Но как бы там ни было, а дело требовало своего -чуть стемнело, и мы уже шли к месту затопления лодки.

В тот раз я спускался первым. Медленно тяжелела вода, все труднее становилось дышать. Электрическая лампочка в сто пятьдесят ватт в вытянутой руке казалась отдаленной мерцающей точкой – свет от нее не расходился далее чем на метр.

Лодка лежала на грунте не горизонтально, а под углом градусов в тридцать. Когда ее сбили с курса морские охотники, она наскочила на большущий камень, метров в пять высотой, и села на него носом. Вдоль всего левого борта зияла трещина – след разрыва глубинной бомбы. В трещину свободно влезала ладонь.

Центральный люк откинуло ударом и заклинило. Через него и выскочили командир и несколько человек команды.

Я пробрался внутрь.
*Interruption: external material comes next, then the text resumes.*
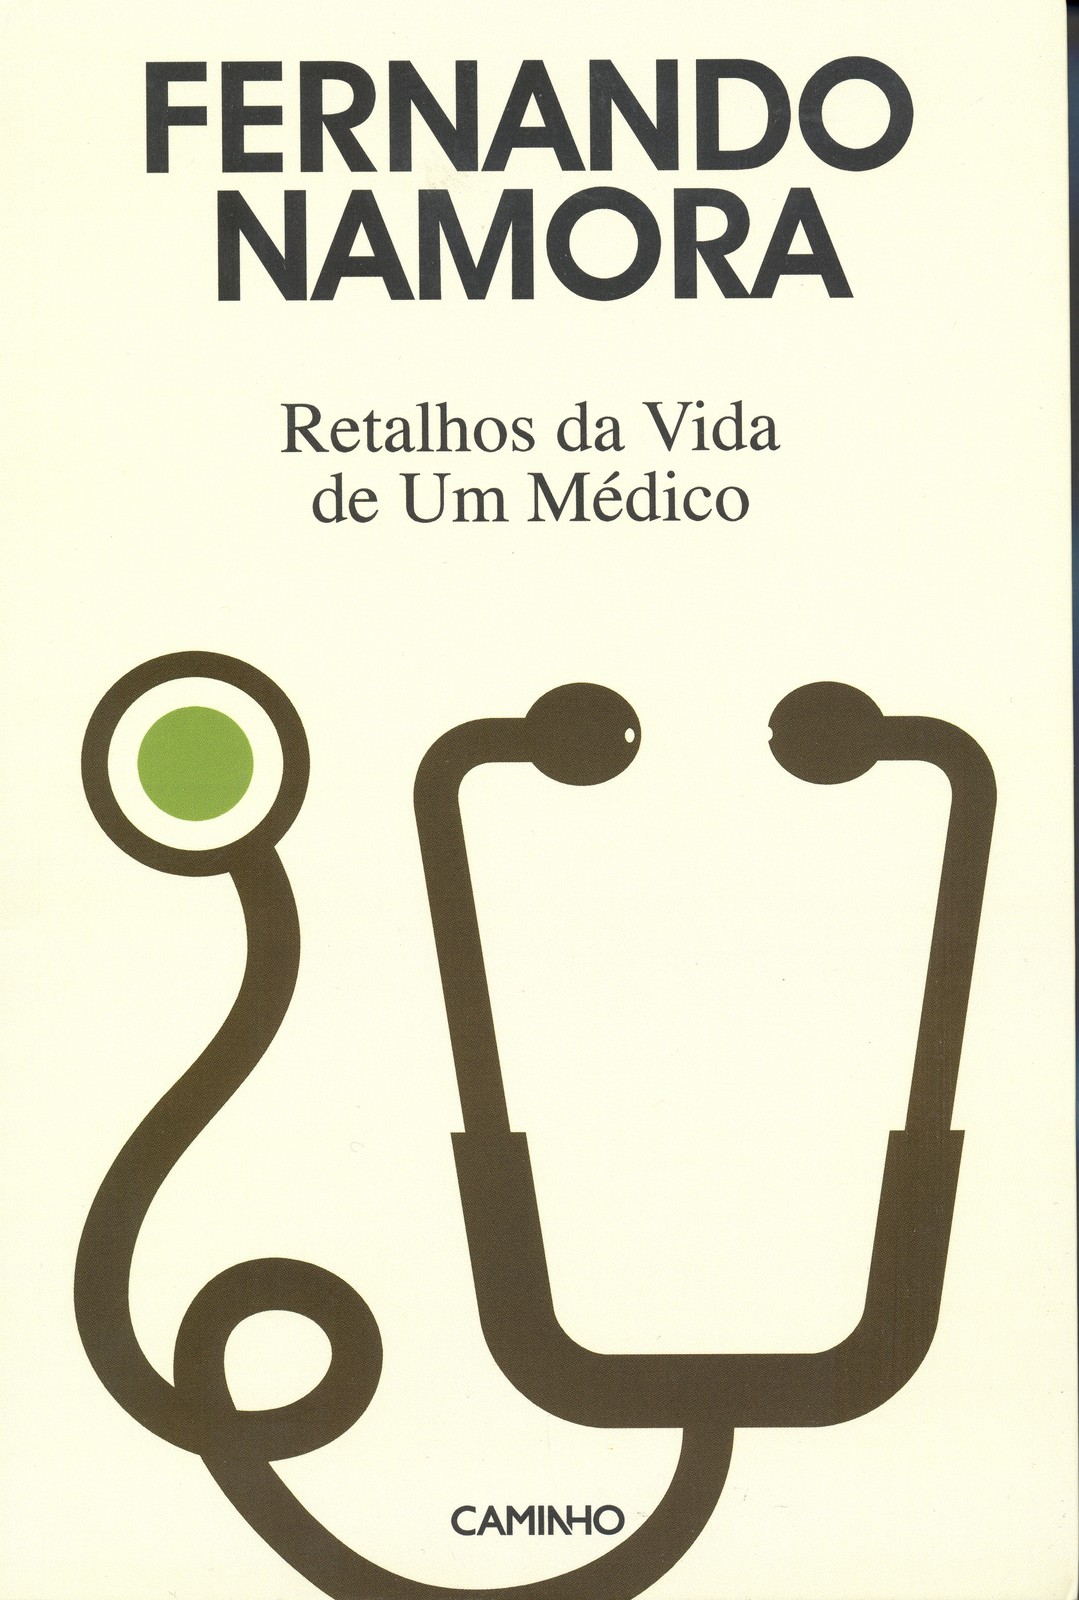 Fernando Namora - Retalhos da Vida de um Médico
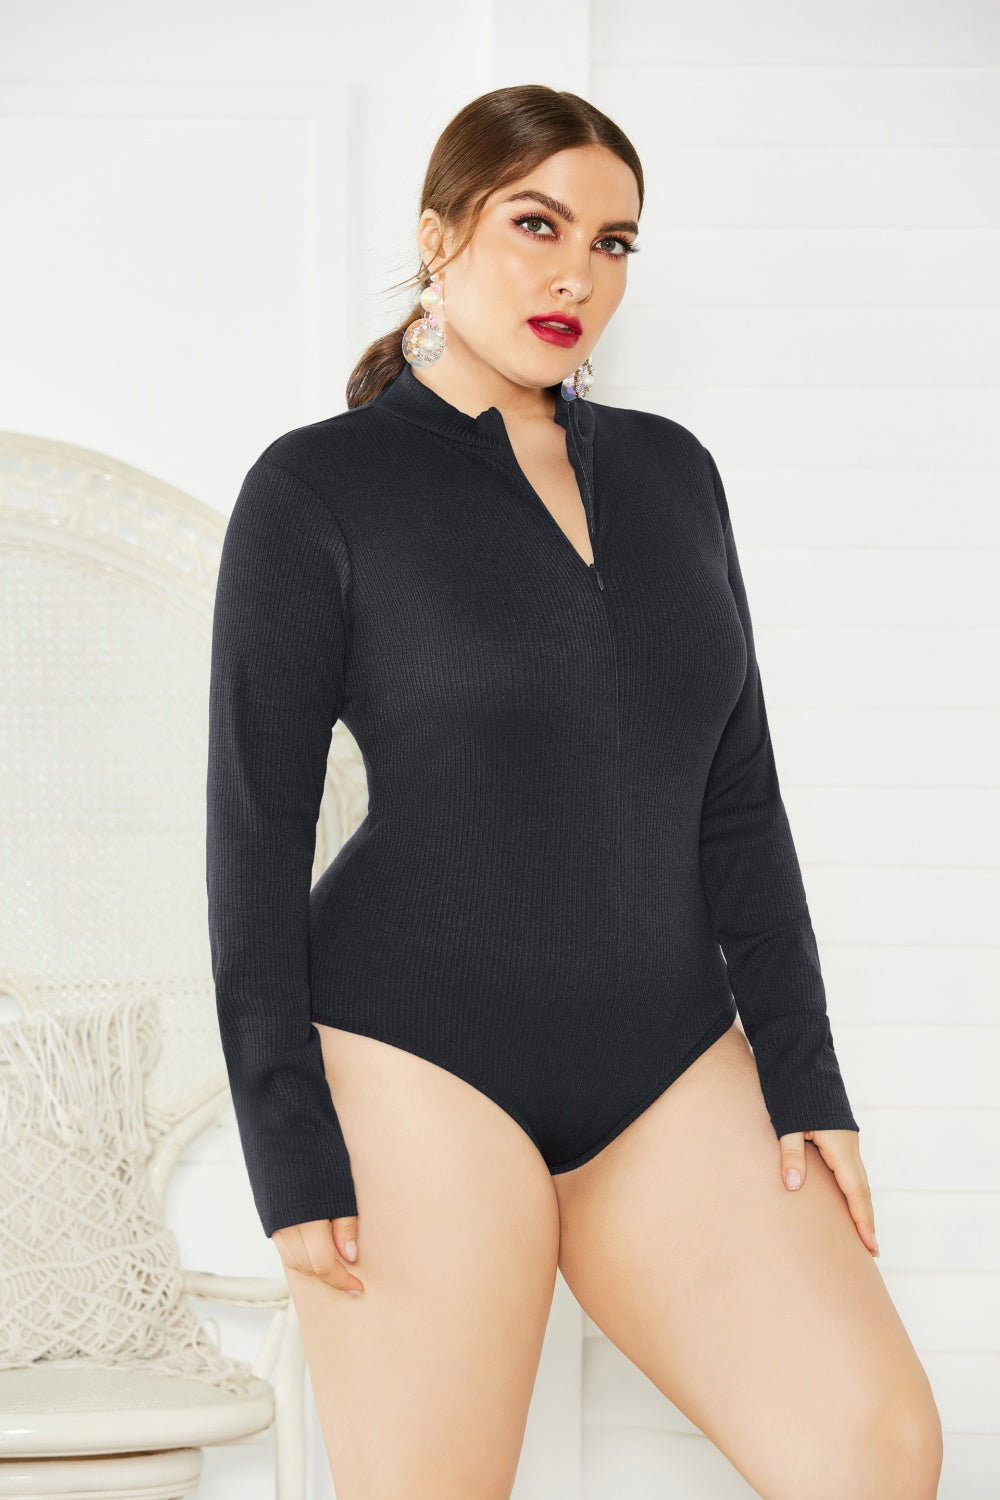 BodiModi UrbanFit® Zip-Up Long Sleeve Bodysuit - Trendy Plus Size

Кругом по стенкам были вмонтированы различные приборы, торчали рукоятки, штурвальчики, переплетались сотни проводов и трубок. Сердце лодки находилось здесь, возле перископа, – отсюда подавались команды на погружение и на всплытие, в атаку и на продувание цистерн…

Овальные двери в смежные отсеки оказались плотно задраенными. Сверху дали сигнал на выход. Успел я только оторвать телефонную трубку, болтавшуюся без дела, и захватить с собой. По суставам уже пробегала дрожь, втягивало живот – начиналось отравление.

Лазили в лодку Борисов, за ним Ананьев, но также безуспешно. Верно, кто-то из разведчиков отдраил вход в средние отсеки. Их решили осмотреть в первую очередь, потому что там размещались командирская и штурманская каюты. Как только открыли вход, из отсека поплыли трупы, их вытолкали к центральному люку, и они всплыли.

Восемь – десять минут на грунте пролетали мигом. Едва влезешь в люк, протиснешься в первый отсек, наскоро ощупаешь стены, откидные столики и койки, как уже команда подниматься. Всякий раз мы что-либо приносили, но все это были предметы, не представлявшие по существу никакой ценности – то кухонный прибор, то что либо из одежды, то безделушки. Нужно было проникнуть в капитанскую и штурманскую каюты, а первую входную дверь заклинило.